__DIRECTIONS FOR THIS TASK__: Only one stretch of the data should be retyped: the lines from the line containing "100 ESCUDOS 1990" through the line containing "NWT $325 Kenzo". Keep pictures out of it.

__MATERIAL TO PROCESS__:
........

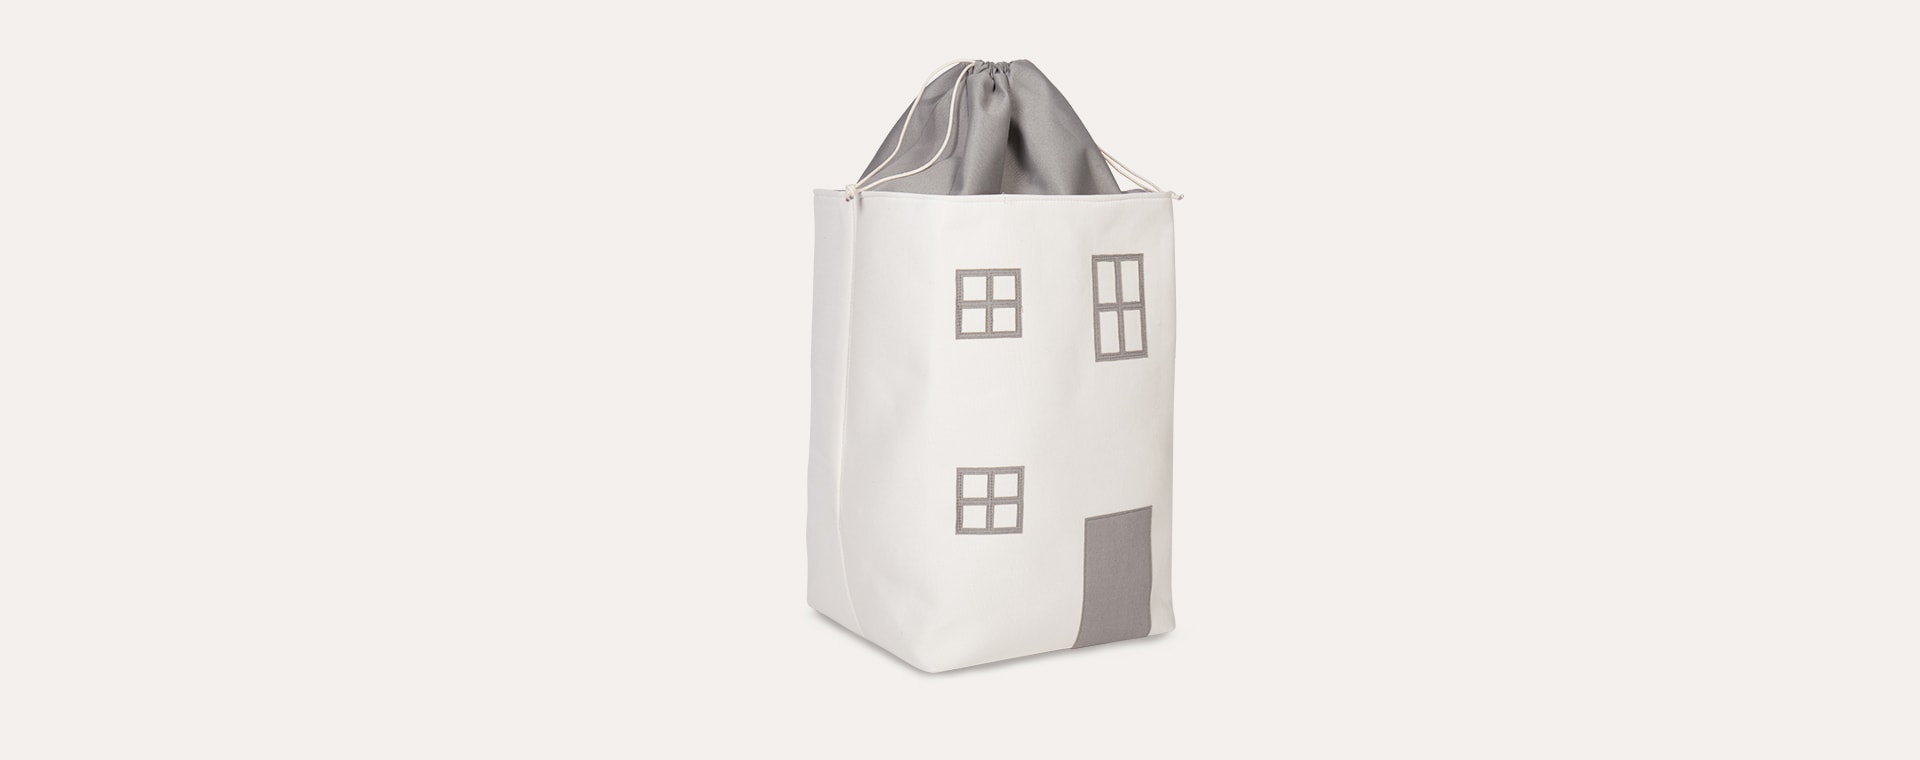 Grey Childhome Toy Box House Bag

........

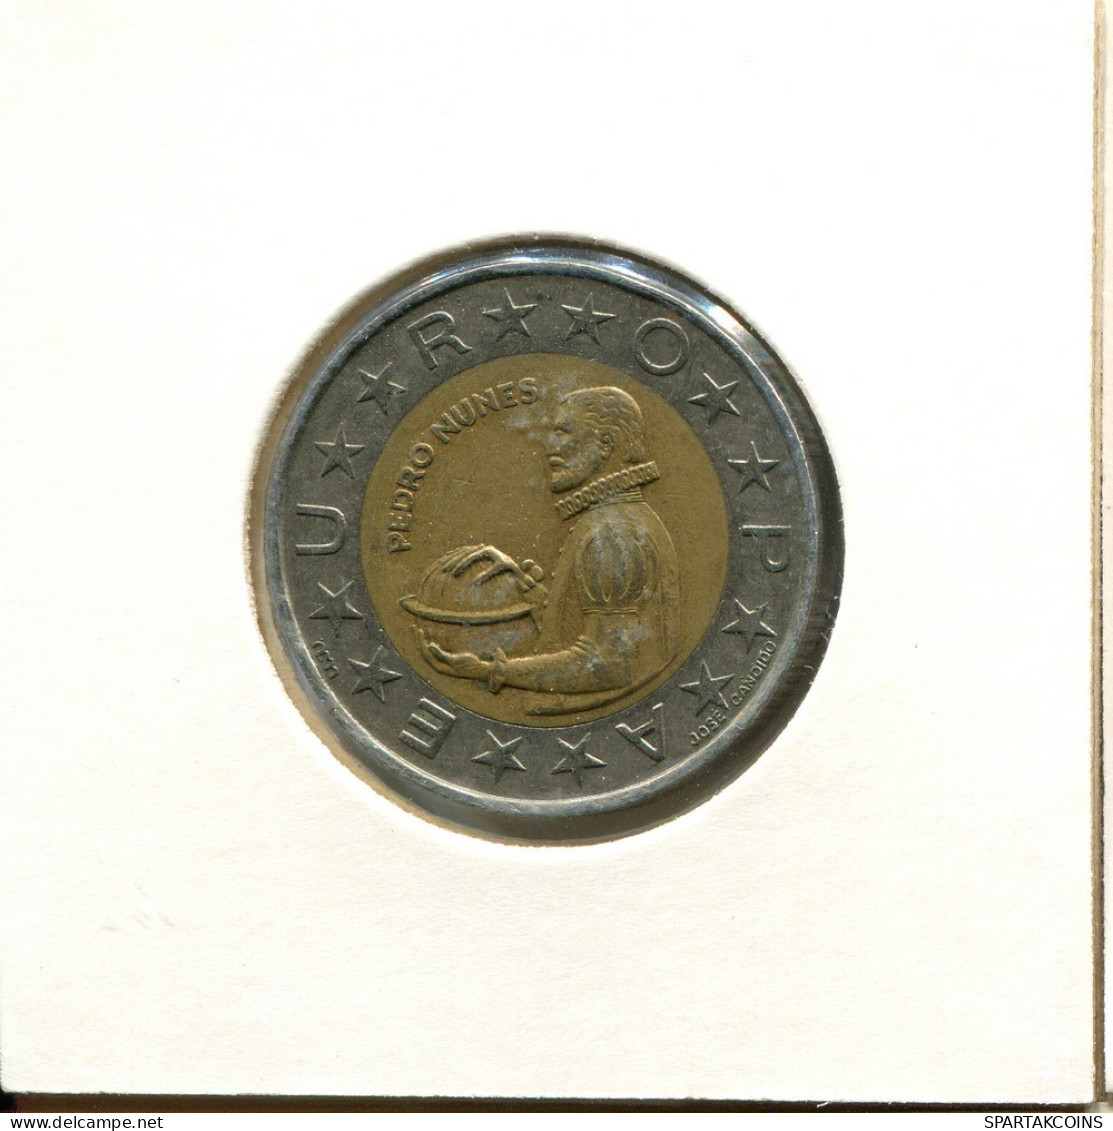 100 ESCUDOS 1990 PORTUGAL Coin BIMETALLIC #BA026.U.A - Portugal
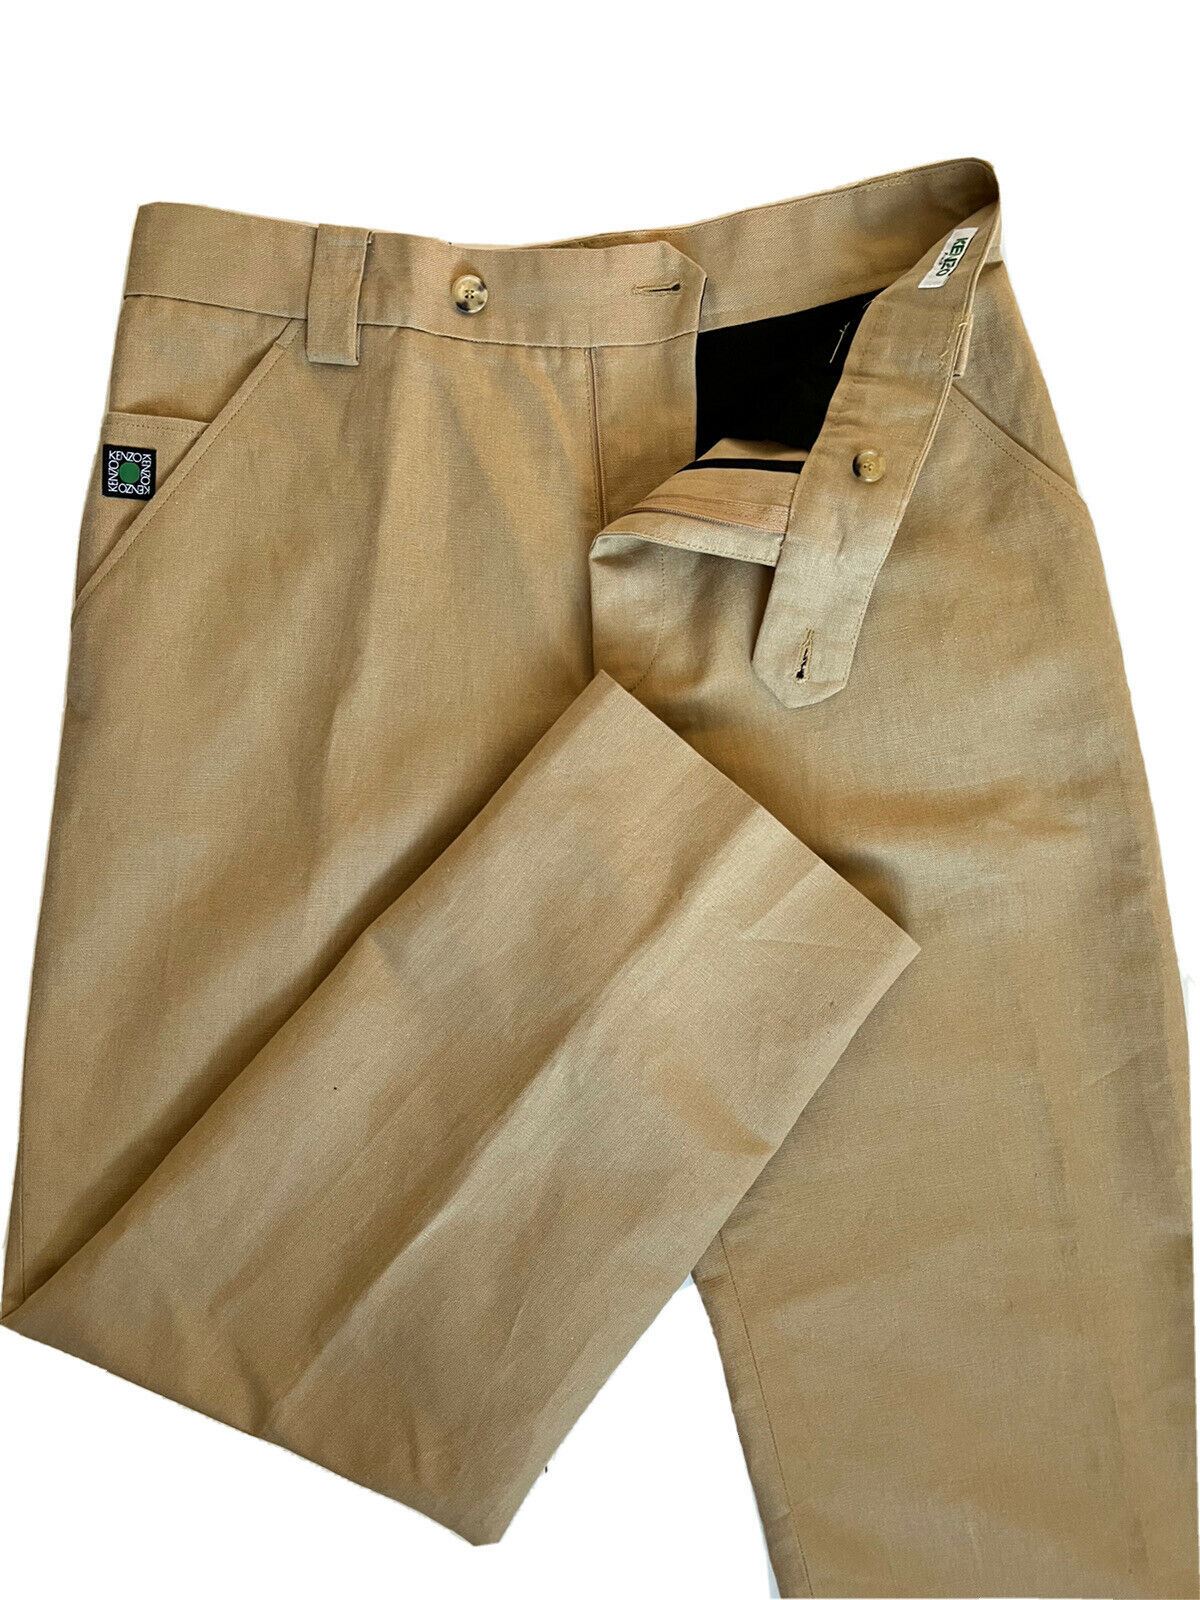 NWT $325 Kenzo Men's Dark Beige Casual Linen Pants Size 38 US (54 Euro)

........

__RESPONSE__:
 100 ESCUDOS 1990 PORTUGAL Coin BIMETALLIC #BA026.U.A - Portugal
 NWT $325 Kenzo Men's Dark Beige Casual Linen Pants Size 38 US (54 Euro)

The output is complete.